'Make them go': The Austrian town of Hallstat has been swamped by fans of Disney's frozen. Photo / Supplied, Chi Nguyen Phung
The tiny village of Hallstatt in Austria is home to just 780 people, who are joined daily by 10,000 tourists.
The source of the influx in tourists to the incredibly photogenic waterfront town has been blamed on TV appearances and its link to the Disney feature animation Frozen.
The lakeside village would appear made for Instagram, where the reflection of the Evangelical church spire reaches up to the Saltzkammergut mountains. It's a picture that appears online in a stunning 616,000 photos tagged #Hallstatt.
While the town has enjoyed a steady stream of tourists, this number has recently snowballed.
Originally built by Austrian Salt miners, the town's beauty earned it a place in the Unesco world heritage list in 1997.
Though it has been long known for its photo-friendly charm Hallstatt became the focus of an even greater wave of interest following the release of Disney's 2013 film Frozen.

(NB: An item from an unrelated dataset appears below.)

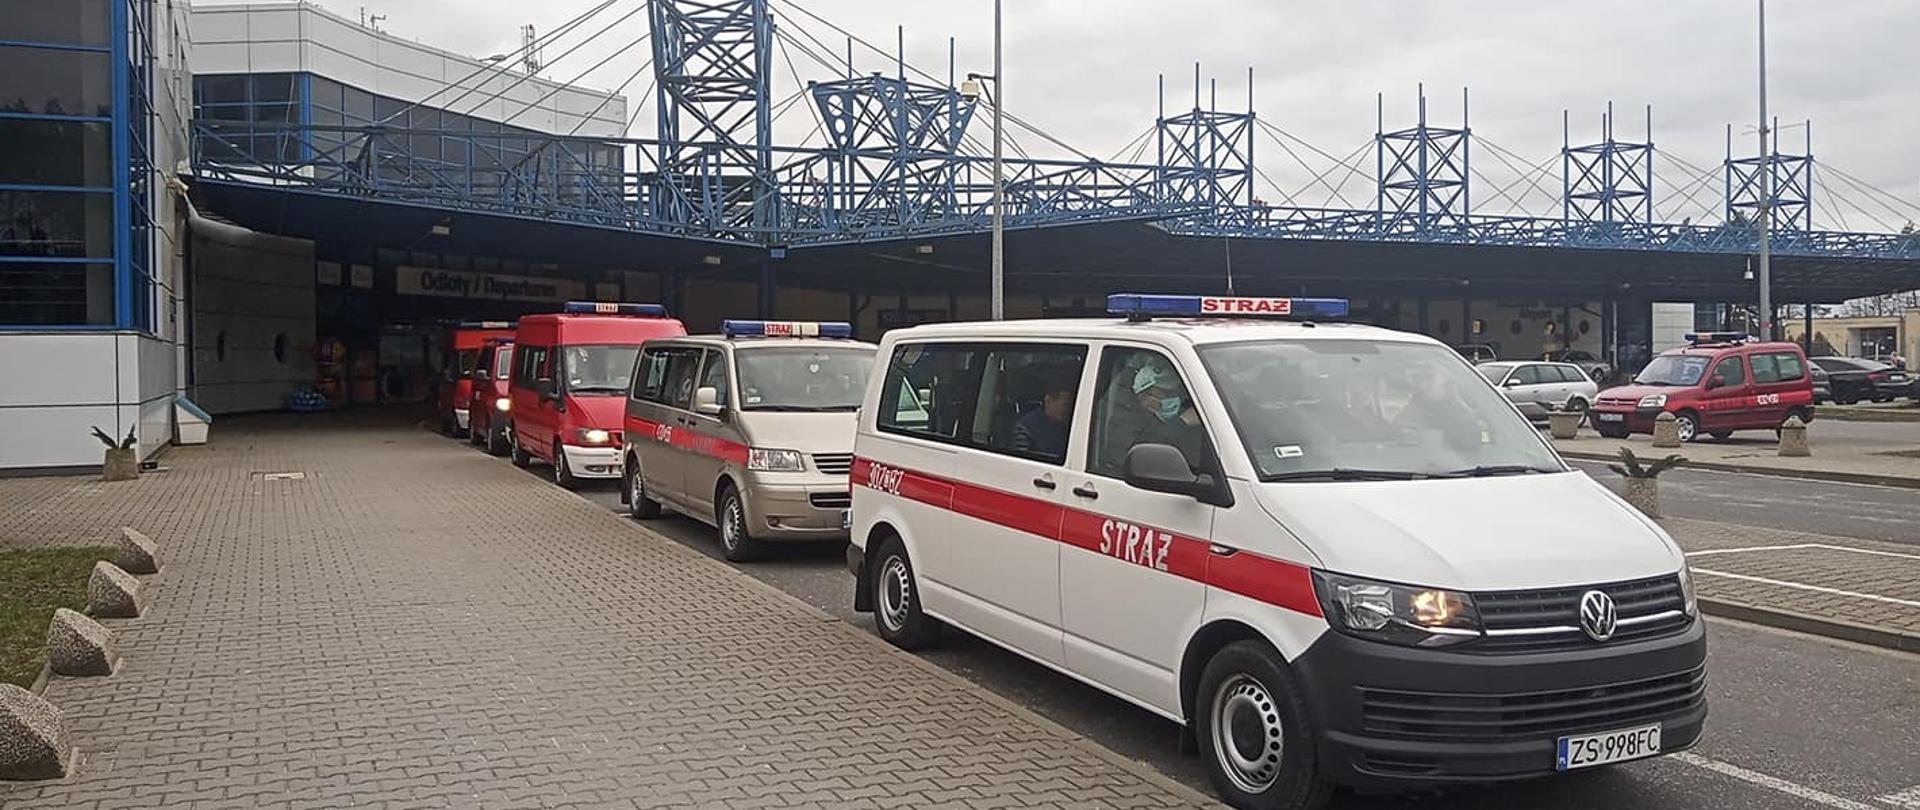 Busy Państwowej Straży Pożarnej ustawione na lotinsku Goleniów w celu transportu obywateli Ukrainy do punktu recepcyjnego. Widoczne 6 samochodów, w tle lotnisko goleniów.

The animators based their fictional town of Arendelle on the real world Austrian village, which led to an explosion of visitors. This was particularly pronounced following the release of a sequel to the Disney animation last year, which saw visitor numbers spike five-fold.

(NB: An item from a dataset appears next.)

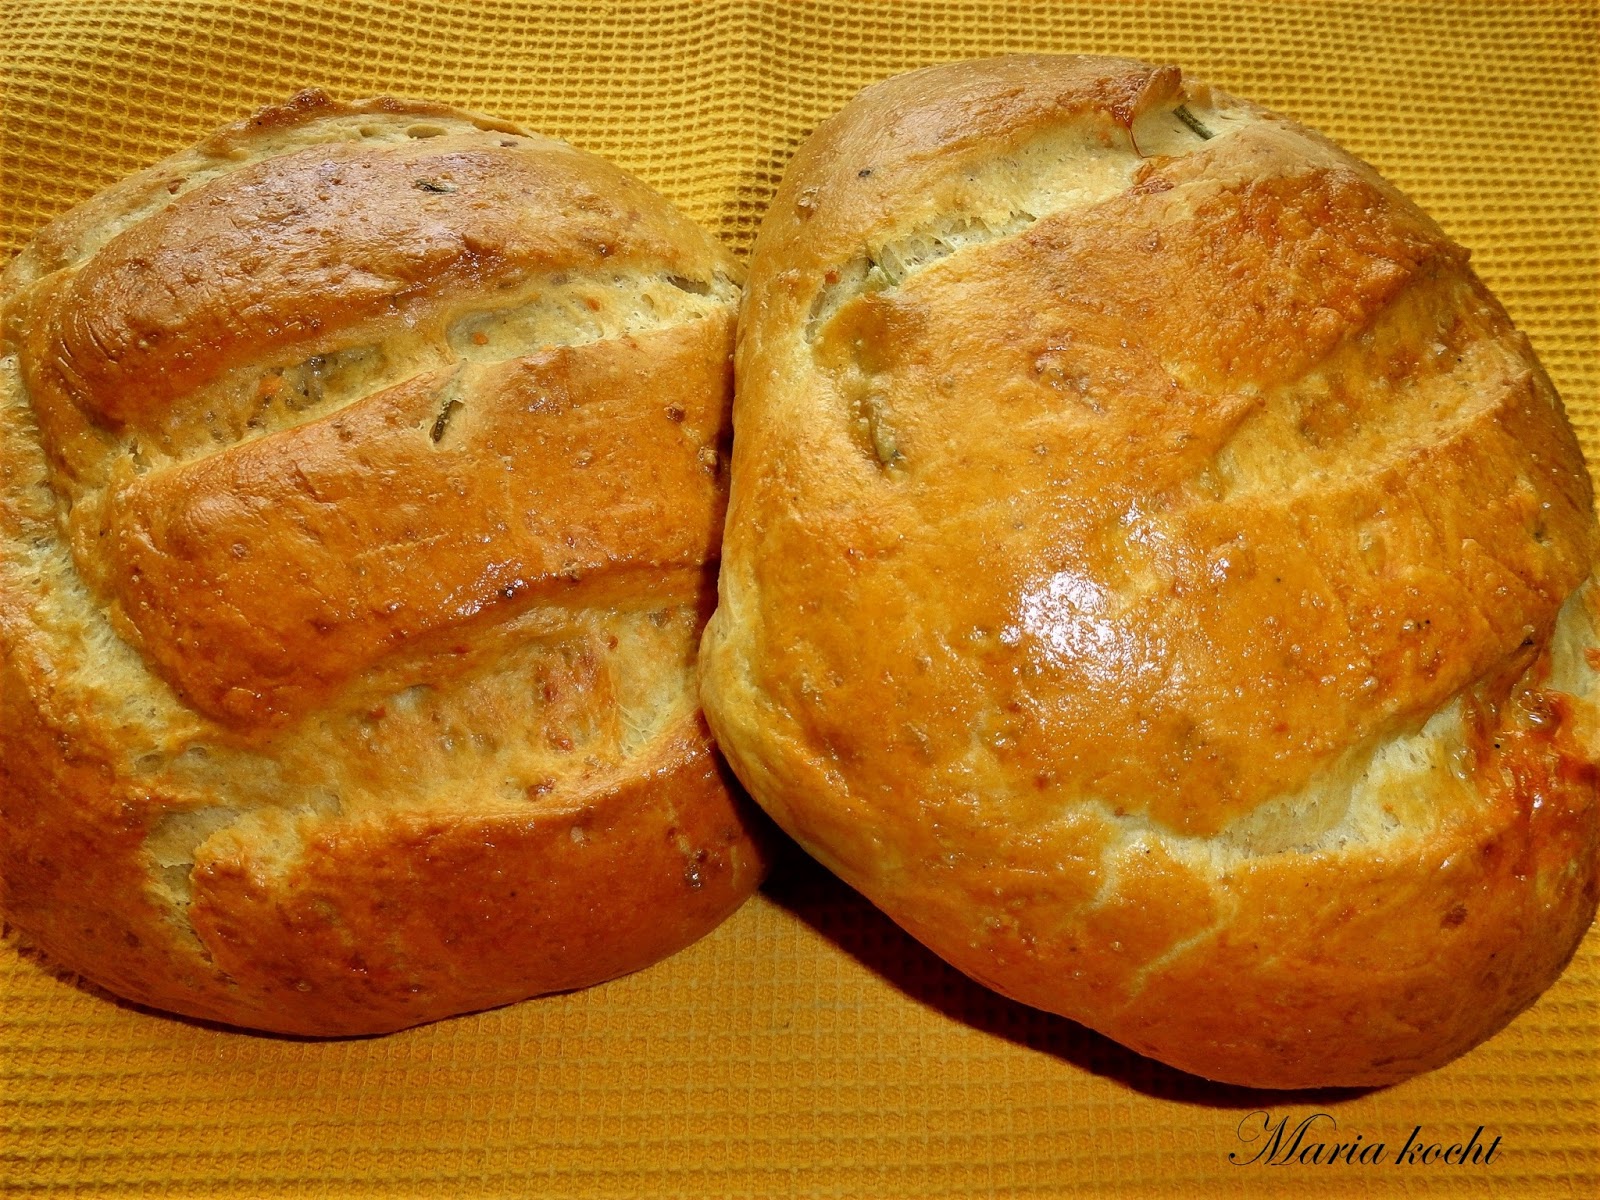 Maria kocht: Feta-Brot / Fetás kenyér

With around a million visits a year the town has six times the guests per capita as Venice.
Visitors are everywhere, particularly guests from Korea. Having appeared at the centre of a Korean travel show in 2006 it has become a favourite tourist spot in Europe.
Chinese tourists are equally enamoured with the Austrian town. In 2011 a replica was built in China in the southern province of Guangdong for $940 million, selling fairytale properties.
"They treat us like a movie set," Kayleigh a café manager in the town told The Times. "My mum woke up one day and found some Chinese tourists in her bedroom."
After daily visits spiked from around 2000 to 10000 last year, the township decided it has had enough.
The mayor of the township Alexander Scheutz told visitors to "Stay away" following a fire on the towns waterfront last November.
"It didn't work, they came anyway," he said, complaining that though they want to reduce visitors by 30 per cent "we don't actually have any way of stopping them."
However, with the increased footfall has come some benefits to local residents and business owners.
Savvy Hallstatt residents have started to charge tourists to use their lavatories.
One local waitress who worked in the town has said that the town enjoys a wealth most rural towns can only dream of: "Hotel rooms cost €300-€400. Public toilets costs €1 and 4,000 people use it every day — you do the maths."